One True God – Tech

Earlier, the elder would be able to recede to the life of a teacher or rest, to enjoy the fruits of his work through his family and be a source of guidance and wisdom. The young would wander amidst and learn about themselves, their trades and their human connections into adulthood. Tech, or the machine, like most human systems, has a tendency to cancerously expand by consuming labor. But unlike other systems, it is self-improving and is able to simplify labor and bring its virtue to those that were previously free from it. Now, it cannot just get by with the efforts of younger adults and middle aged bodies – it needs more.

Now the elder could see his work, live longer to catch new illnesses, and then reach the cafeteria through a ramp (the magnifier on his screen, the insurance and the ramp were required by some law) – work was all he has, since there was no one else back home.

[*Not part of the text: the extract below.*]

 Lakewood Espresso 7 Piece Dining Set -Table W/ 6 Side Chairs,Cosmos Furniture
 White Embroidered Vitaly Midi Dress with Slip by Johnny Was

And then the machine got faster, so now it needs even younger bodies which have quick reflexes, low attention, high anxiety and sleepless dreams (the screens, the pills and the ideas were also requied by some law). Eventually, the much-predicted cybernetic fusion of tech and labor will happen with the pre-teen Tiktok celebrity wired into a headset taking your order at the McDonald’s drive-through. Screens are all she has, since there is no one else back at home.

But the machine is generous to you. It lets you work from the comfort of your home so that you only step out to buy. And in the drive-through line you notice the prices increase and portions become smaller, but you still think it is nothing compared to the coming tax-hike (paying for Fame University loans, preserving a corrupt puppet regime and grandpa’s social security also required by some law). Your desk, your work, your ‘productivity station’ is all you have, since there is no one else here at home.

Old Car Smell

The carcinogenic new car smell is often prized and romanticized, but we never mention the smell of old cars; part motor oil, part petrichor – the smell of the road and the trips it had been on. And now that too is a rarity to come across, because how the design of the vehicle-cabins has evolved.

In the years when cars did not ship at default with an air conditioner and all there was a fan, the body was not designed to seal the environment within the car from the elements, at least not in the same way as it is done today. And as the car would get older, the smell of the road crept in. The lack of comfort compared to the modern car could also be a sign of the machine being closer to its environment than it is now, distant from our range of comforts yet more truthful to what it was and which soaked in everything it had gone through. In these cars, just by the mere smell, one could accurately guess where they had been parked and whether people took care of them or not, or even whether they drove them too much or too little. Car fresheners would also ride the strong foundation of these natural smells, unlike today where they just hit you in the face with the sweaty smell of a closed air conditioned chamber. The only thing I can accurately guess in the modern car is whether someone ate an EggMcMuffin in it in the past two days. And maybe there is a hint of this old car smell on an old public bus, but it still lacks the personal character and lies in public space and use.

But hey, now we are far from that, cars are not cars anymore – just electric carts which you would not even have to drive in a few years. But blessed would be those who saw the automobile at its most raw – a man made machine which was very much a part of its environment, with its own unique smell. Among the various descriptable and undescriptable, tangible and intangible feelings of driving and owning a car, the smell will also be something we will miss when we entirely stop driving as a society.